Andres Meira: So this has been a new area for me; I’ve had to learn. The governance of OpenEEW as of today, like you mentioned, is now under the umbrella of the Linux Foundation. So this is now a Linux Foundation project and they have certain prerequisites. So we had to form a technical committee. This committee makes the steering decisions and creates the roadmap you mentioned. So, the roadmap is now published on the GitHub, and it’s a work in progress, but effectively we’re looking 12 months ahead and we’ve identified some areas that really need priority. Machine learning, as you mentioned, is definitely something that will be a huge change in this world because if we can detect earthquakes, potentially with just a single station with a much higher degree of certainty, then we can create networks that are less dense. So you can have something in Northern India and in Nepal, in Ecuador, with just a handful of sensors. So that’s a real Holy grail for us.
We also are asking on the roadmap for people to work with us in lots of other areas. In terms of the sensors themselves, we want to do more detection on the edge. We feel that edge computing with the sensors is obviously a much better solution than what we do now, which has a lot of cloud detection.
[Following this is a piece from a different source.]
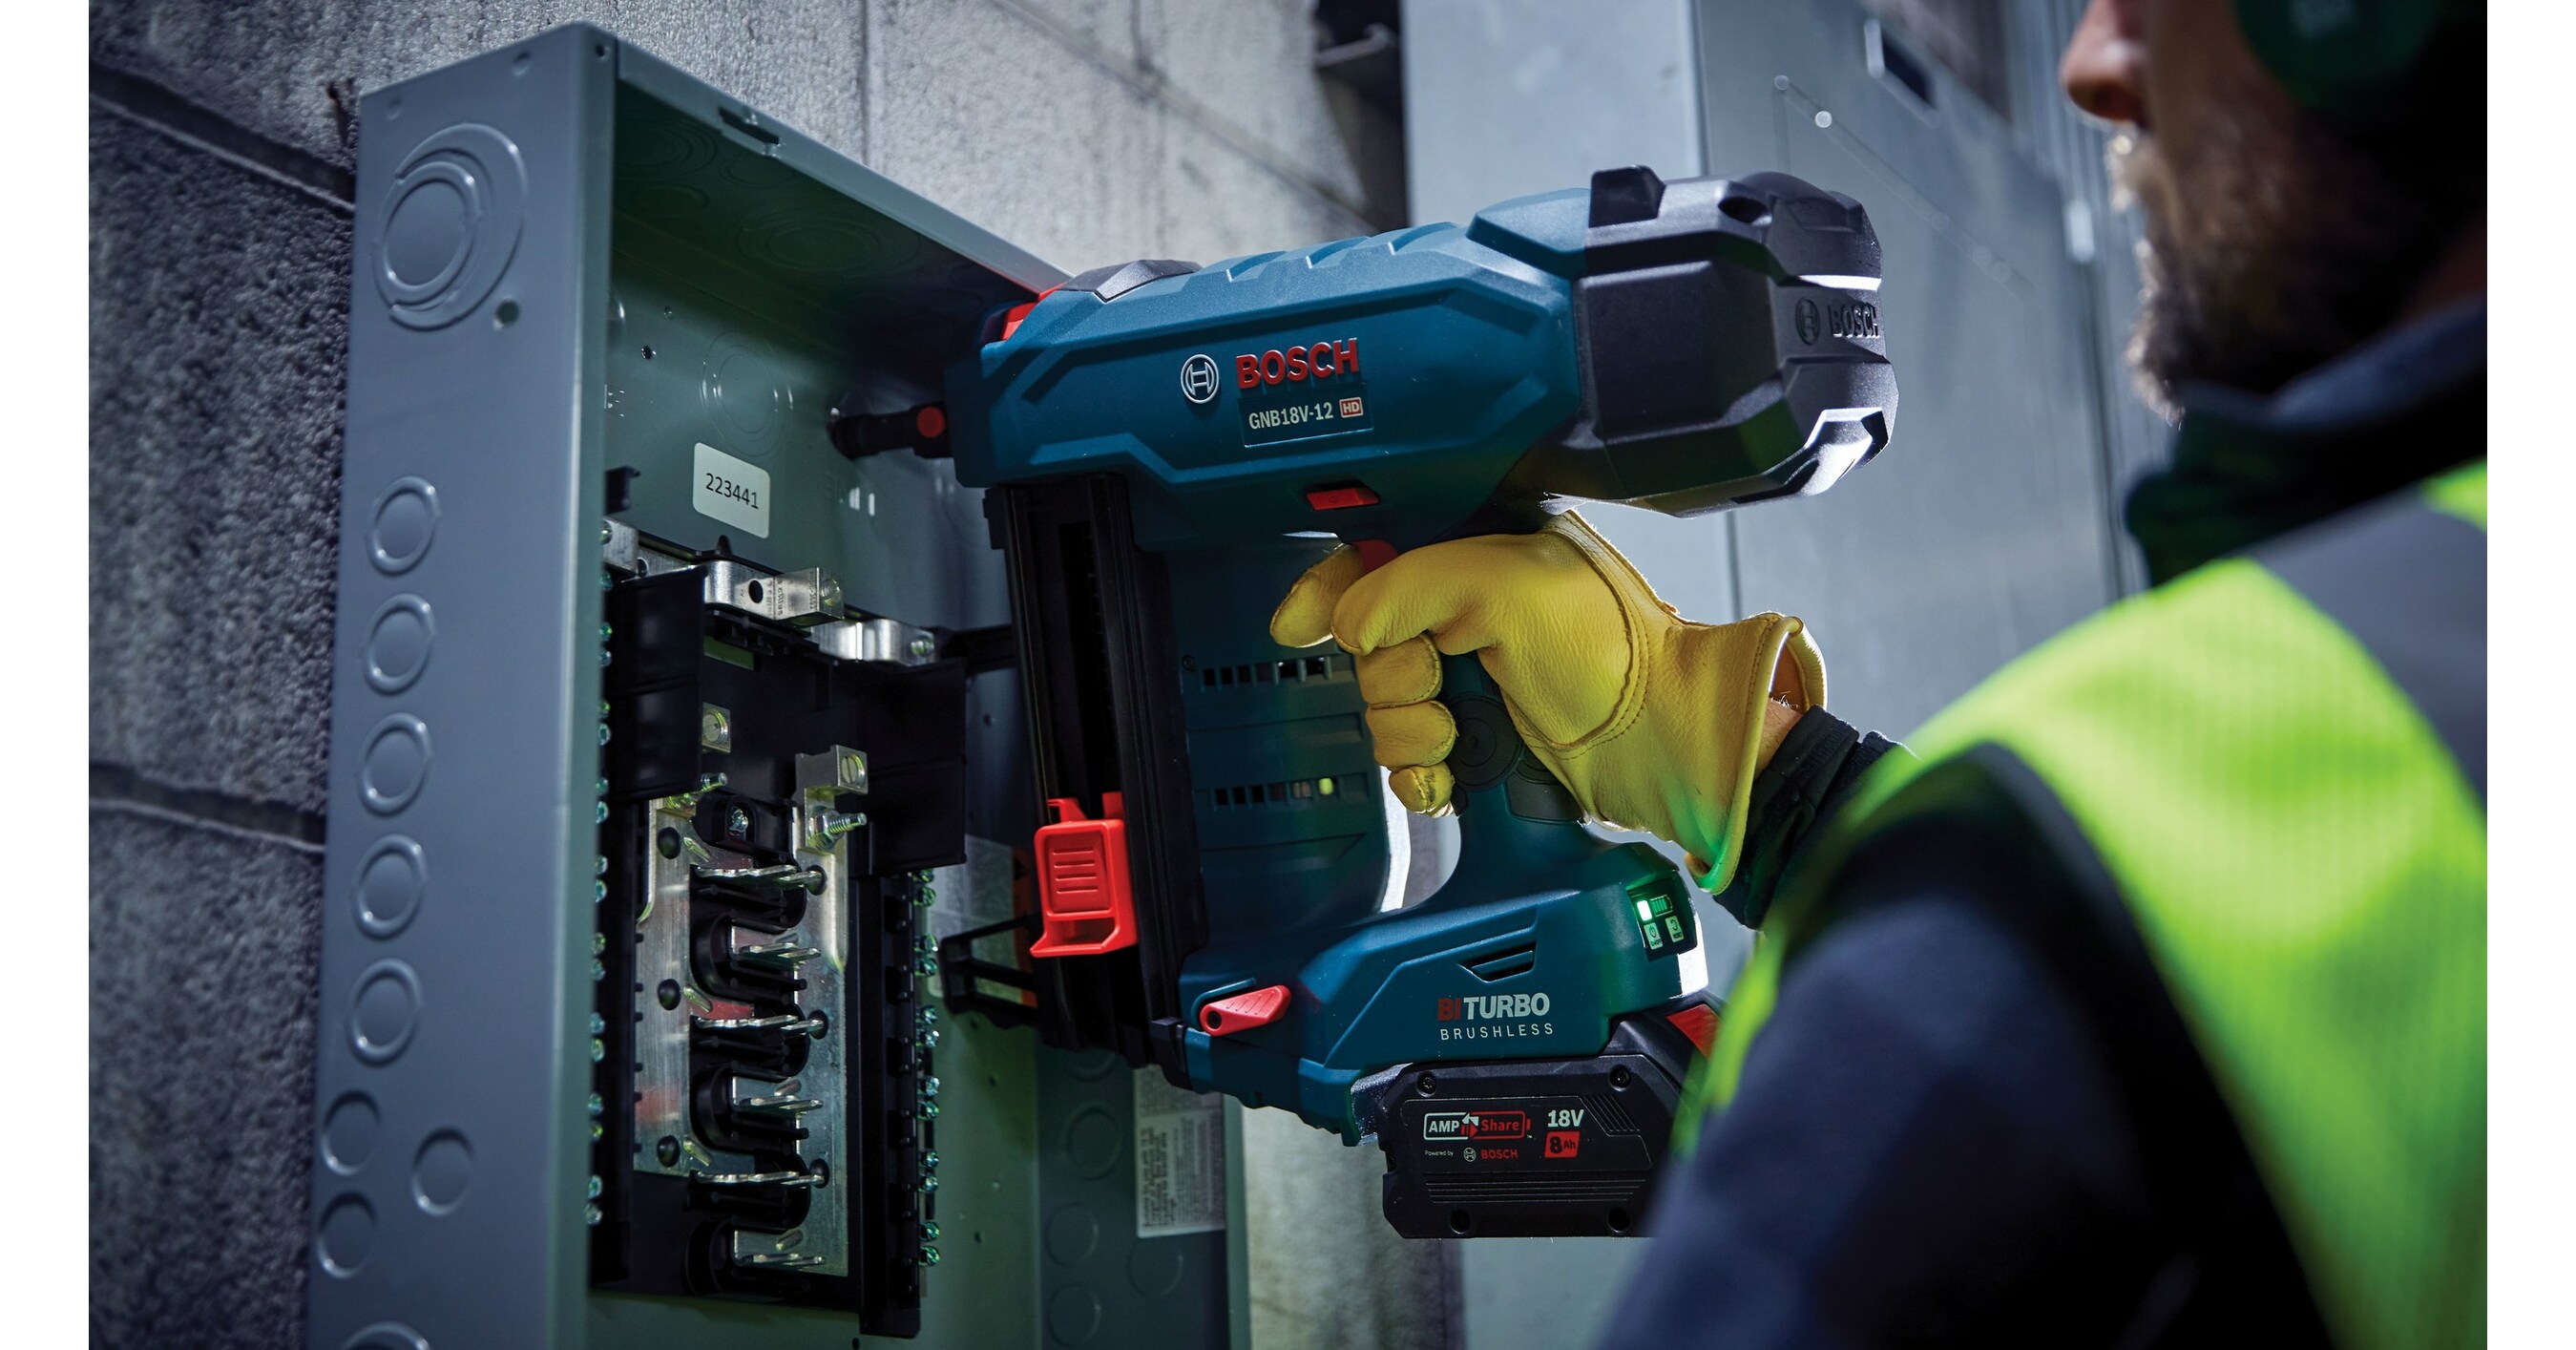 Efficiency boost for professional users: Bosch opens Professional 18V  System for expert brands - Bosch Media Service

But if we can move a lot of that work to the actual devices, then I think we’re going to have much smarter networks and less telemetry, which opens up new connectivity options. So, the sensors as well are another area of priority on the road map.
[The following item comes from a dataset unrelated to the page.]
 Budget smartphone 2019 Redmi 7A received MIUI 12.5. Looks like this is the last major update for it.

Swapnil Bhartiya: What kind of people would you like to get involved with and how can they get involved?
Andres Meira: So as of today, we’re formally announcing the initiative and I would really invite people to go to OpenEEW.com, where we’ve got a site that outlines some areas that people can get involved with. We’ve tried to consider what type of people would join the project. So you’re going to get seismologists. We have seismologists from Harvard University and from other areas. They’re most interested in the data from what we’ve seen so far. They’re going to be looking at the data sets that we’ve offered and some of them are already looking at machine learning. So there’s many things that they might be looking at. Of course, anyone involved with Python and machine learning, data scientists in general, might also do similar things. Ultimately, you can be agnostic about seismology. It shouldn’t put you off because we’ve tried to abstract it away. We’ve got down to the point where this is really just data.
Then we’ve also identified the engineers and the makers, and we’ve tried to guide them towards the repos, like the sensory posts. We are asking them to help us with the firmware and the hardware. And then we’ve got for your more typical full stack or front end developer, we’ve got some other repos that deal with the actual applications. How does the user get the data? How does the user get the alerts? There’s a lot of work we can be doing there as well.
So, different people might have different interests. Someone might just want to take it all. Maybe someone might want to start a network in the community, but isn’t technical and that’s fine. We have a Slack channel where people can join and people can say, “Hey, I’m in this part of the world and I’m looking for people to help me with the sensors. I can do this part.” Maybe an entrepreneur might want to join and look for the technical people.
So, we’re just open to anybody who is keen on the mission, and they’re welcome to join.